If you have never spent a week on a campaign you may feel rather lost when you step off the plane into the hustle and bustle of the mission field. If you have spent a week on a campaign, you should know what a splendid training ground a well-run campaign can be. And in that case you will not need telling that regular attendance at campaigns at the very least one a year — is a must for every would-be missionary.
Campaigns are not what they used to be, of course. (Neither is anything else, in this fast changing world). Old-timers still remember when a normal day on a Scottish campaign went something like this:
9:00-10:00 a.m. Morning Bible study and prayers.
10:00 a.m.-noon. Billing, sandwich boarding (all the rage in those days) and canvassing. Canvassers would very probably find themselves invited in for a prolonged and vigorous doctrinal argument.
12 :30-1 :30 p.m. Lunch. Pocket Bibles lie open on the table. All eyes are on a veteran campaigner who is busy arranging three plates, two tumblers, a water jug and a salt pot to represent the marching order of Israel in the wilderness. It’s a jolly session of Bible talk, interrupted more by happy laughter than the sound of munching; the meal is spartan by modern standards, with food still rationed, but the spiritual fare is first-class.
2:00-5:00 p.m. A repeat of 9:00-noon.
5:00-6:00 p.m. Tea and talk.
7:00-10:30 p.m. Evening lecture, followed by supper. There are 34 strangers, five of whom stay to supper. Three of these seem to be heading straight for baptism. (Subsequently one slips back, but six months later the other two are baptized.)

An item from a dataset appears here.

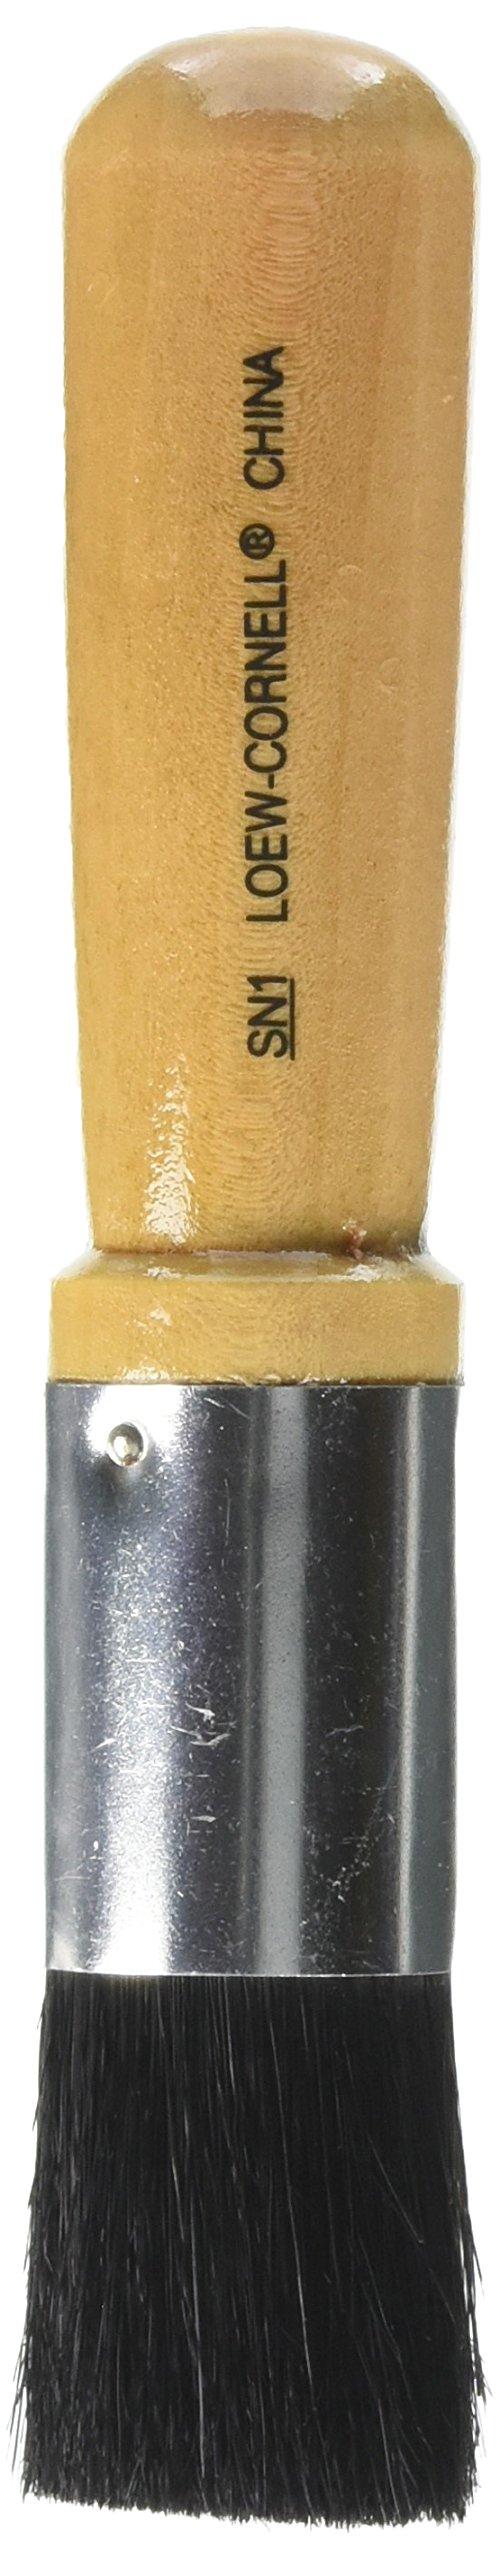 Loew-Cornell Bristle Stencil Brush-1'' by Loew-Cornell

Nowadays far fewer strangers attend. That’s their loss. There is not nearly so much spontaneous, happy Bible talk. That’s our loss. There are fewer lectures and more Bible exhibitions, more use of alternative forms of preaching. That’s our gain.
But the essential elements of a campaign have not changed much. There is still a great deal of serious Bible study and prayer, still a delightful warmth of fellowship, an atmosphere in which the seeds of lifelong friendship are often sown.
Above all, a campaign is still a place of intense dedication to the preaching of the gospel. Even now, on a campaign it is easy to forget the hectic world whirling by. Newspapers, radio, and T.V. are usually forgotten for a few days, while the job in hand takes all one’s prayerful energies.
And what better preparation for the mission field could you have than that?